* WHAT IS BEING ASKED:
Without including any pictures, write out the data below exactly.

* RECORDED INFORMATION:
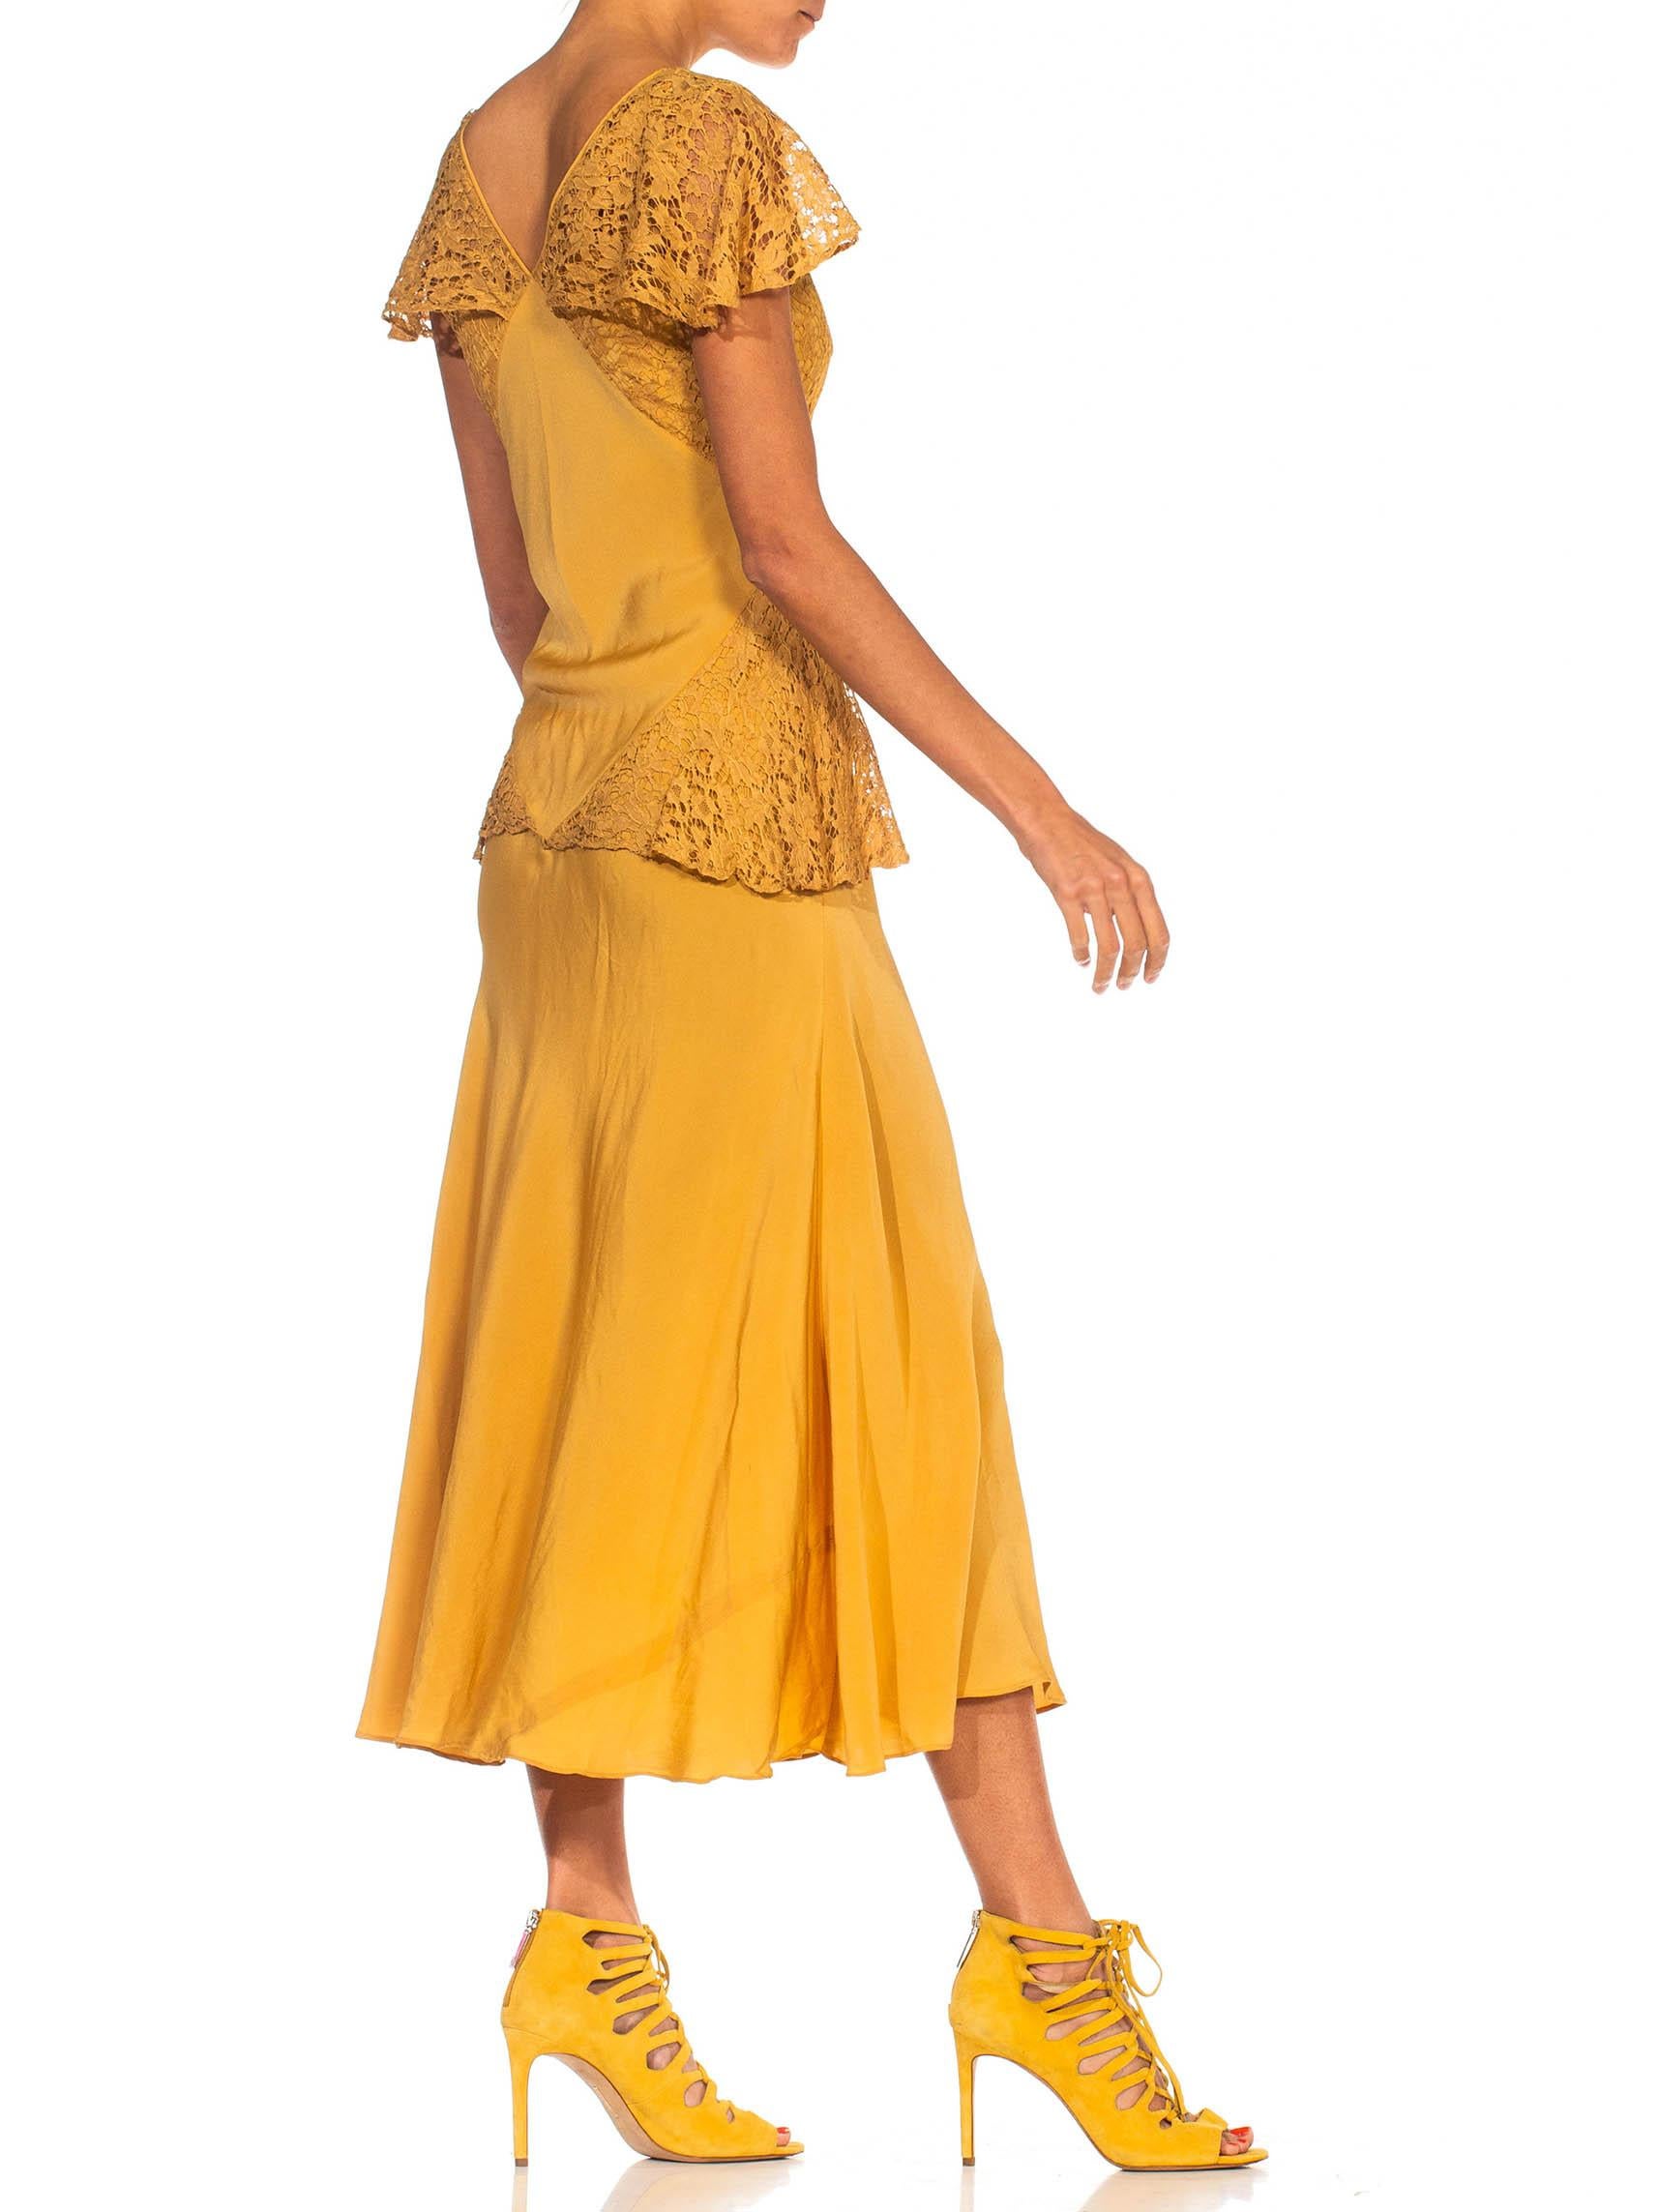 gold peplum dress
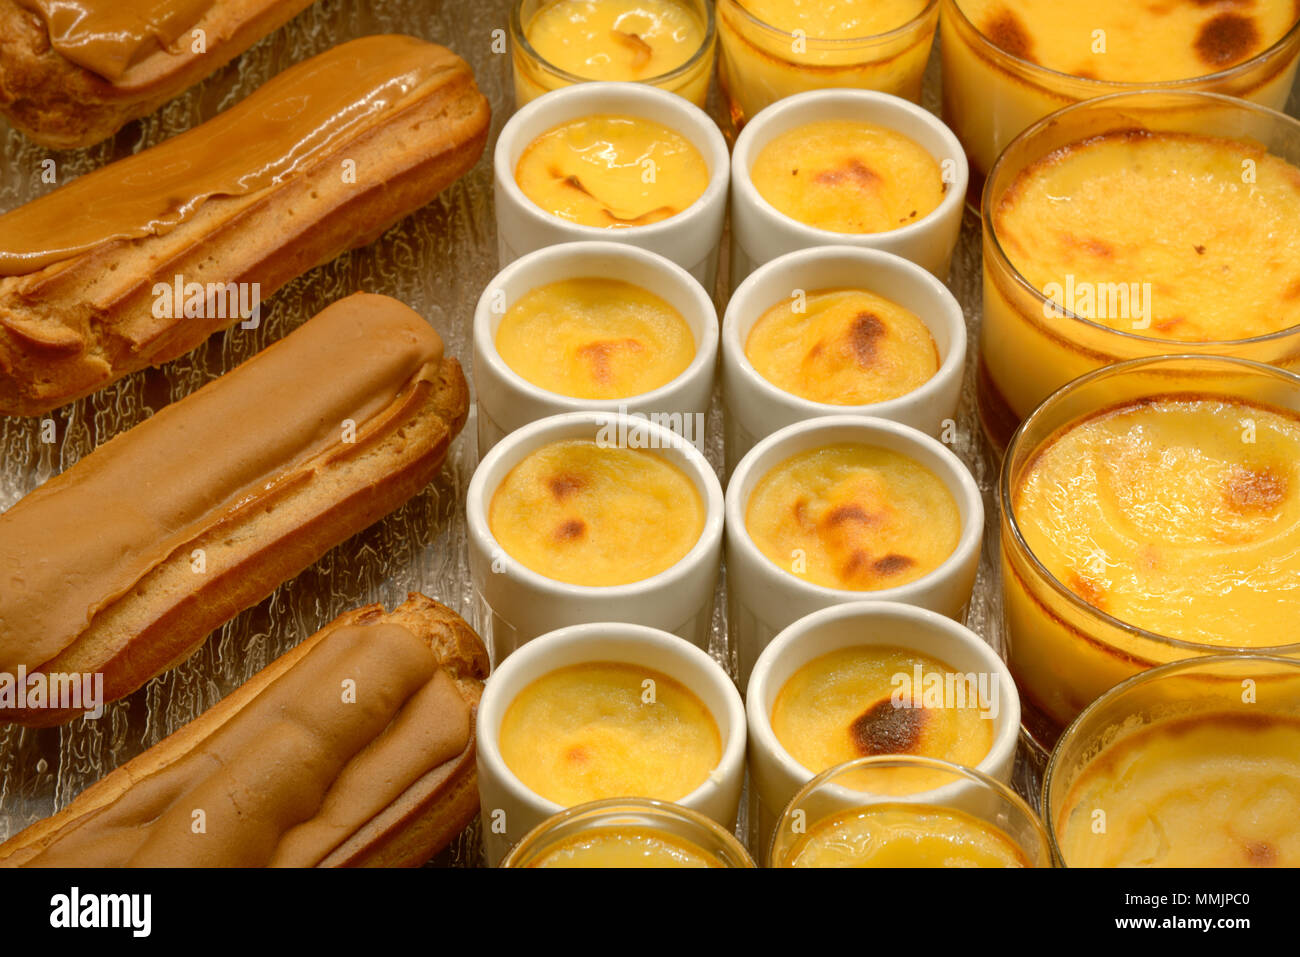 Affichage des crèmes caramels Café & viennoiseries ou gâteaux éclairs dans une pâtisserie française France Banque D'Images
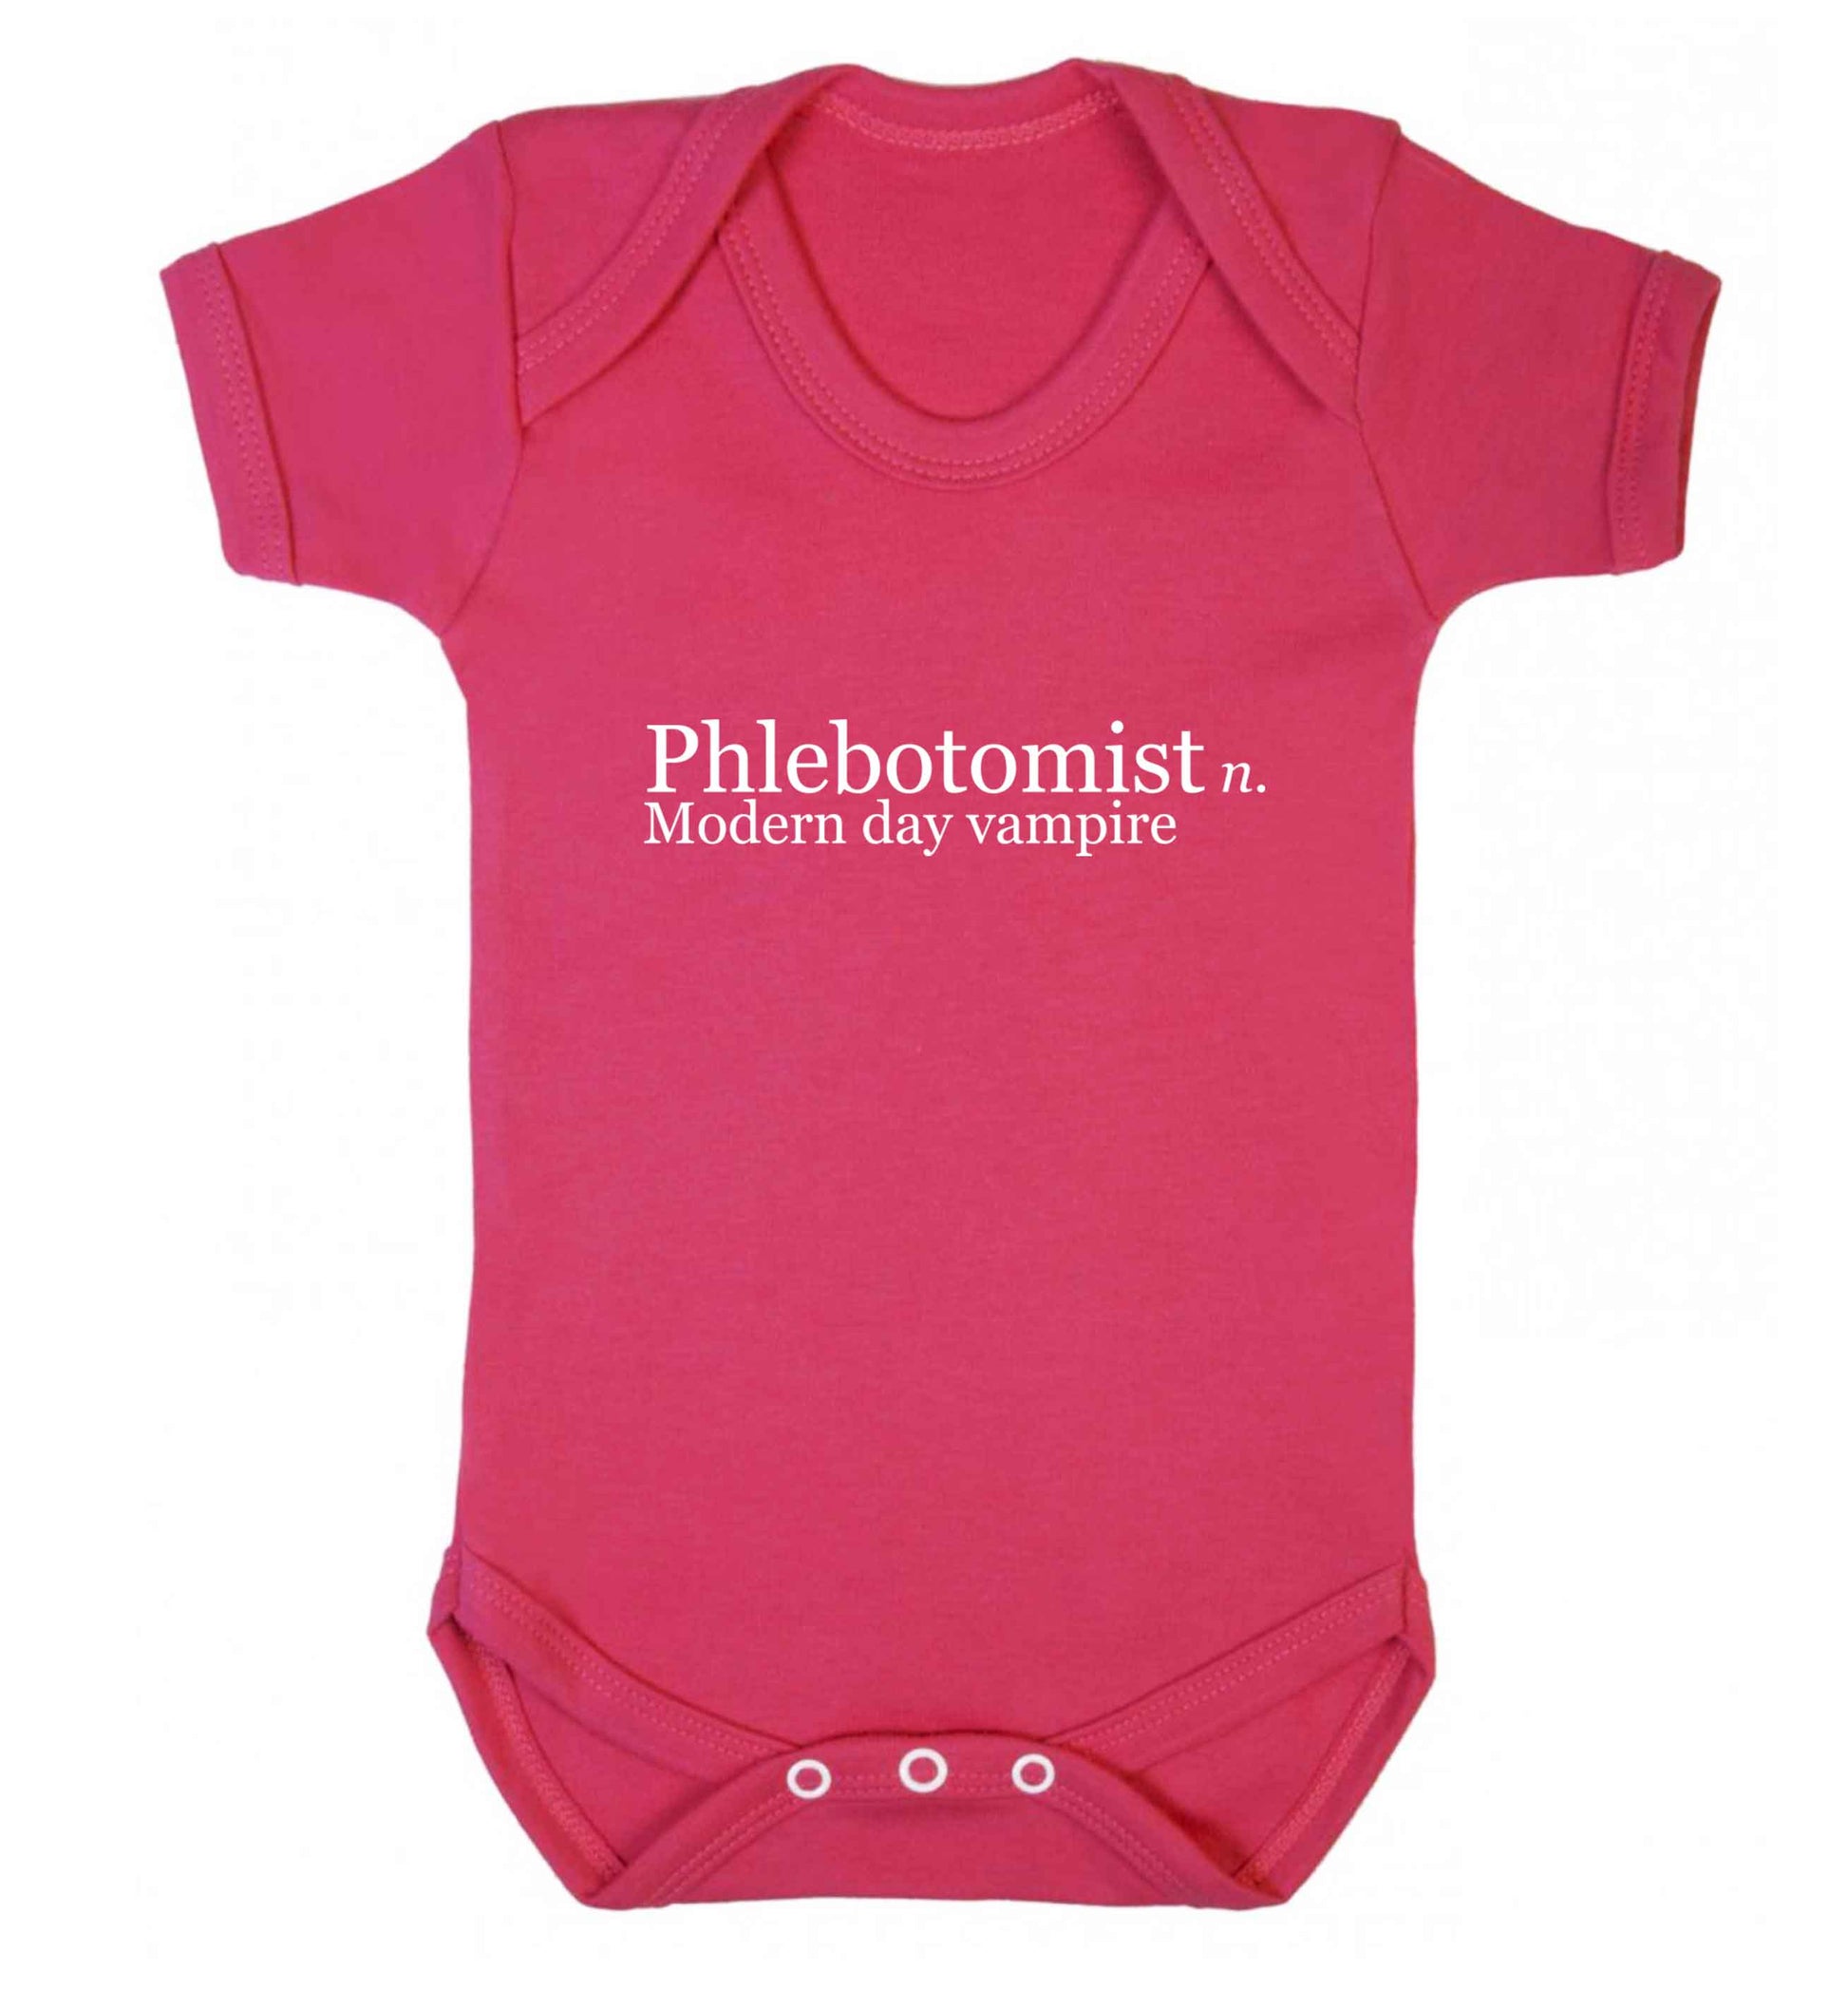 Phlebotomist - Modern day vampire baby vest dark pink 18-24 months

* WRITTEN RESPONSE:
 gold peplum dress
 Affichage des crèmes caramels Café & viennoiseries ou gâteaux éclairs dans une pâtisserie française France Banque D'Images
 Phlebotomist - Modern day vampire baby vest dark pink 18-24 months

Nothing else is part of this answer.